The Ebola virus sweeping through West Africa has mutated repeatedly during the current outbreak, a fact that could hinder diagnosis and treatment of the devastating disease, according to scientists who have genetically sequenced the virus in scores of victims.
The findings, published Thursday in the journal Science, also offer new insights into the origins of the largest and most deadly Ebola outbreak in history, which has killed more than 1,500 people in four countries and shows few signs of slowing. It also provided another reminder of the deep toll the outbreak has taken on health workers and others in the affected areas, as five of the paper’s more than 50 co-authors died from Ebola before publication.

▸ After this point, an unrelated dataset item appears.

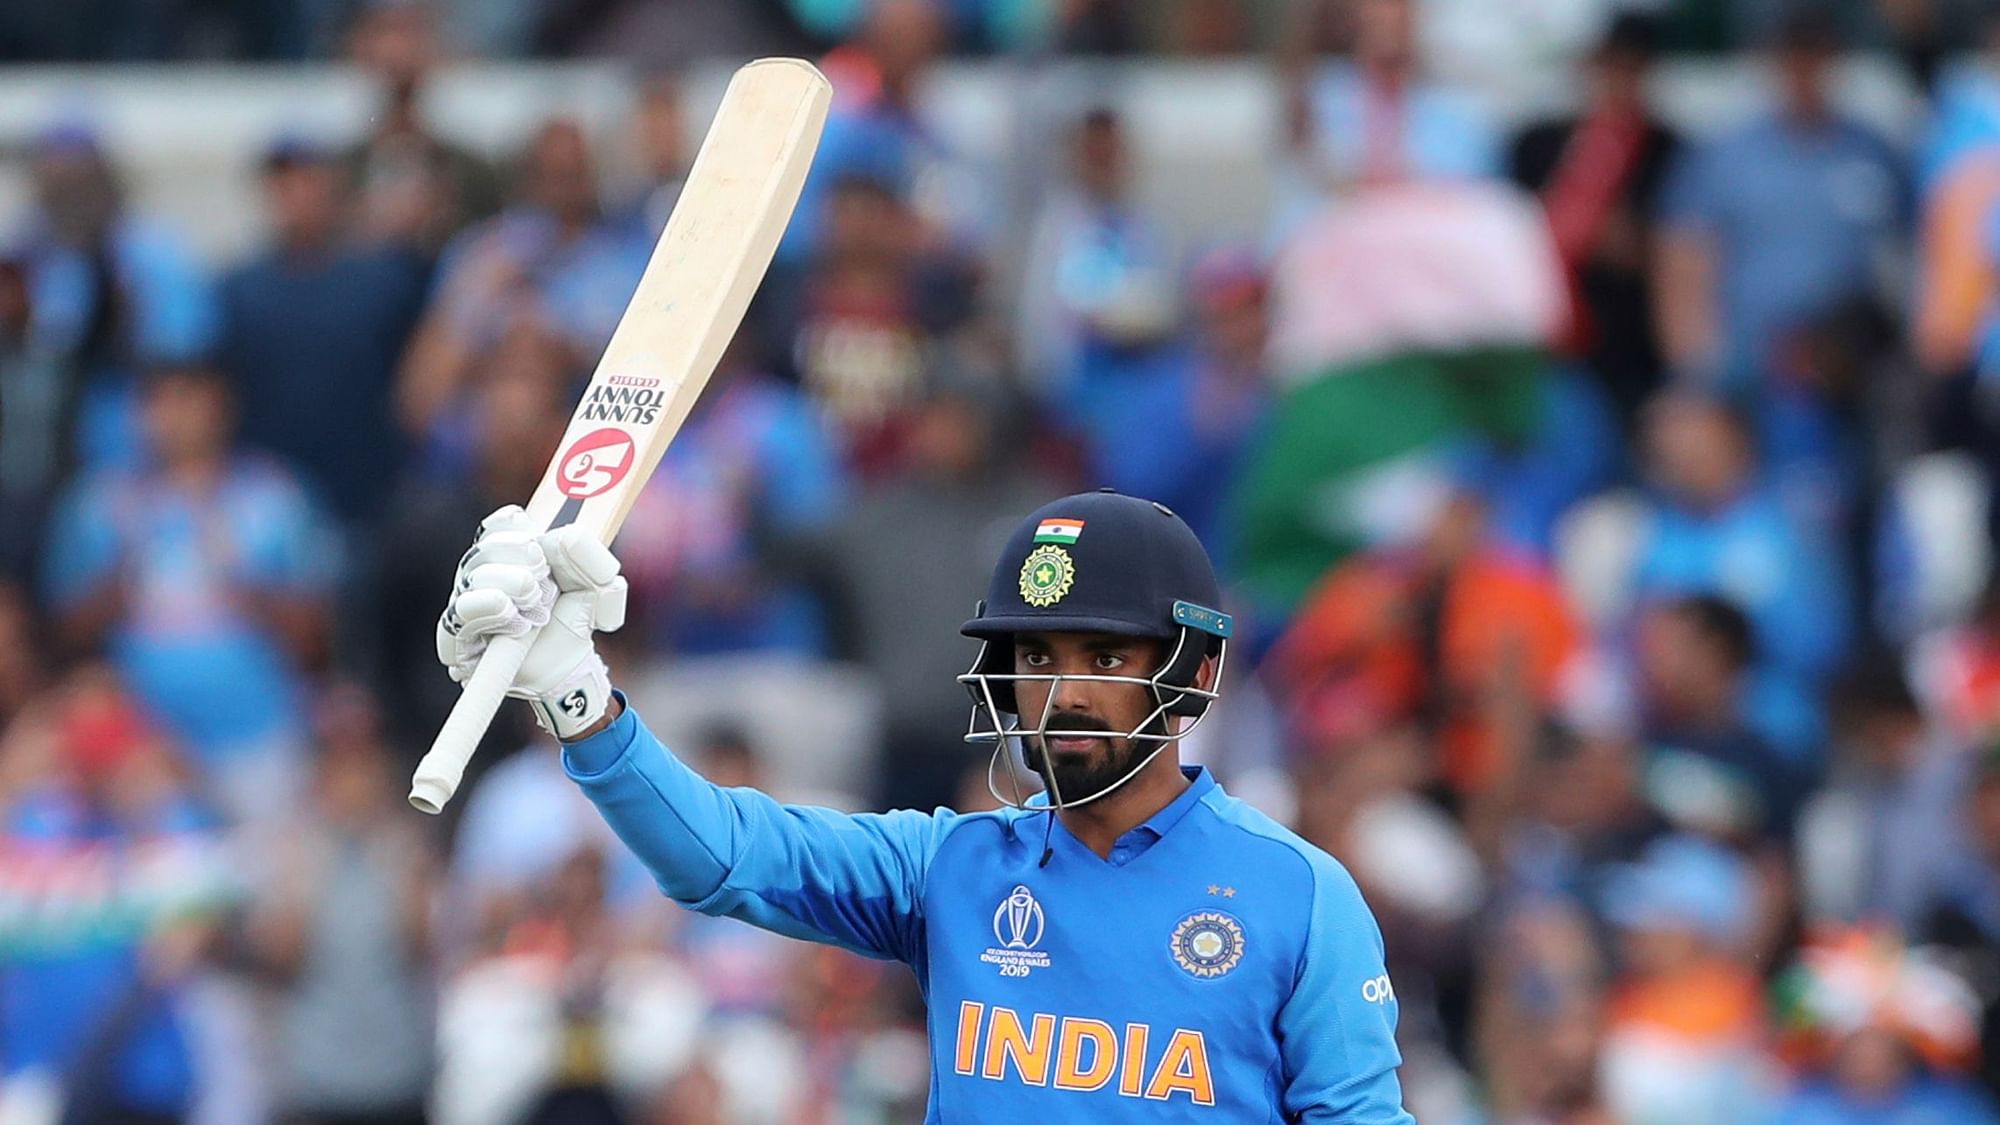 This is Rahul’ first World Cup ton and his second overall.&nbsp;

In a collaboration led by scientists at Harvard University and aided by officials at Sierra Leone’s health ministry, researchers sequenced Ebola virus genomes from 78 patients beginning in the early days of the outbreak this spring. Those 99 samples — some patients were tested more than once — suggested that the outbreak began with a single human infection before spreading rapidly, like a spark that grows into a wildfire.
Ebola’s arrival in Sierra Leone in May started with a funeral, according to Thursday’s findings. A young pregnant woman tested positive for the virus and was treated at Kenema Government Hospital. Health workers who traced her contacts discovered that she and more than a dozen other women recently had attended the burial of a traditional healer who had been treating Ebola patients near the Sierra Leone-Guinea border. All of them had been infected.